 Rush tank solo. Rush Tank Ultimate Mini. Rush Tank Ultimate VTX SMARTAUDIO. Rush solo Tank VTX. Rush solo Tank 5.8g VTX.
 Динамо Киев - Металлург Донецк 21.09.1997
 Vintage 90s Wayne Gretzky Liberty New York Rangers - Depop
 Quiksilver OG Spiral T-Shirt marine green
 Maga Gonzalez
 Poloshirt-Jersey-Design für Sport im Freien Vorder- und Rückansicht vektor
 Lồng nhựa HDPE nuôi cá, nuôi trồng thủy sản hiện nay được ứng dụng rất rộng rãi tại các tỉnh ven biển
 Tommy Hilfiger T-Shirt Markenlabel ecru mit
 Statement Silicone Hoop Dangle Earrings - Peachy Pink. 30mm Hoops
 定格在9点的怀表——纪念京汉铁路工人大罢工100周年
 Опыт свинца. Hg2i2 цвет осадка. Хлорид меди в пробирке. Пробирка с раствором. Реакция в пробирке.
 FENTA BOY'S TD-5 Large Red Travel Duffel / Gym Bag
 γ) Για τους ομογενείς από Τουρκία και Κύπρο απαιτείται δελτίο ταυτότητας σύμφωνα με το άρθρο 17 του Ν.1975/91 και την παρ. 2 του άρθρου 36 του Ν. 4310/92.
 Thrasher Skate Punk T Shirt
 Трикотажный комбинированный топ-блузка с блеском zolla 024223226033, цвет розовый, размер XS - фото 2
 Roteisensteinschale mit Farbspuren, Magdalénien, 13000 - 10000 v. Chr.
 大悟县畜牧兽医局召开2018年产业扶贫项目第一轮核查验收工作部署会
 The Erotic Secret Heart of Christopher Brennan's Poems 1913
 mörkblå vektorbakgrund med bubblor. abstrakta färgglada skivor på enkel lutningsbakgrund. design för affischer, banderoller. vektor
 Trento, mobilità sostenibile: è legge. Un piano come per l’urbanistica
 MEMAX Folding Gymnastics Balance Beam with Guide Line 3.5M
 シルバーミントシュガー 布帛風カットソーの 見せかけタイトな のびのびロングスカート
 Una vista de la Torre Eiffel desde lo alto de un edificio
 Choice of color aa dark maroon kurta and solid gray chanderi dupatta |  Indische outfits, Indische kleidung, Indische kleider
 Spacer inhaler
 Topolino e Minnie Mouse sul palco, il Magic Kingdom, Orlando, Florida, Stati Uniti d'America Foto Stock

• • • • •

(What you are asked to do)
Could you set down every line above exactly as written?

(Answer box)
 Rush tank solo. Rush Tank Ultimate Mini. Rush Tank Ultimate VTX SMARTAUDIO. Rush solo Tank VTX. Rush solo Tank 5.8g VTX.
 Динамо Киев - Металлург Донецк 21.09.1997
 Vintage 90s Wayne Gretzky Liberty New York Rangers - Depop
 Quiksilver OG Spiral T-Shirt marine green
 Maga Gonzalez
 Poloshirt-Jersey-Design für Sport im Freien Vorder- und Rückansicht vektor
 Lồng nhựa HDPE nuôi cá, nuôi trồng thủy sản hiện nay được ứng dụng rất rộng rãi tại các tỉnh ven biển
 Tommy Hilfiger T-Shirt Markenlabel ecru mit
 Statement Silicone Hoop Dangle Earrings - Peachy Pink. 30mm Hoops
 定格在9点的怀表——纪念京汉铁路工人大罢工100周年
 Опыт свинца. Hg2i2 цвет осадка. Хлорид меди в пробирке. Пробирка с раствором. Реакция в пробирке.
 FENTA BOY'S TD-5 Large Red Travel Duffel / Gym Bag
 γ) Για τους ομογενείς από Τουρκία και Κύπρο απαιτείται δελτίο ταυτότητας σύμφωνα με το άρθρο 17 του Ν.1975/91 και την παρ. 2 του άρθρου 36 του Ν. 4310/92.
 Thrasher Skate Punk T Shirt
 Трикотажный комбинированный топ-блузка с блеском zolla 024223226033, цвет розовый, размер XS - фото 2
 Roteisensteinschale mit Farbspuren, Magdalénien, 13000 - 10000 v. Chr.
 大悟县畜牧兽医局召开2018年产业扶贫项目第一轮核查验收工作部署会
 The Erotic Secret Heart of Christopher Brennan's Poems 1913
 mörkblå vektorbakgrund med bubblor. abstrakta färgglada skivor på enkel lutningsbakgrund. design för affischer, banderoller. vektor
 Trento, mobilità sostenibile: è legge. Un piano come per l’urbanistica
 MEMAX Folding Gymnastics Balance Beam with Guide Line 3.5M
 シルバーミントシュガー 布帛風カットソーの 見せかけタイトな のびのびロングスカート
 Una vista de la Torre Eiffel desde lo alto de un edificio
 Choice of color aa dark maroon kurta and solid gray chanderi dupatta |  Indische outfits, Indische kleidung, Indische kleider
 Spacer inhaler
 Topolino e Minnie Mouse sul palco, il Magic Kingdom, Orlando, Florida, Stati Uniti d'America Foto Stock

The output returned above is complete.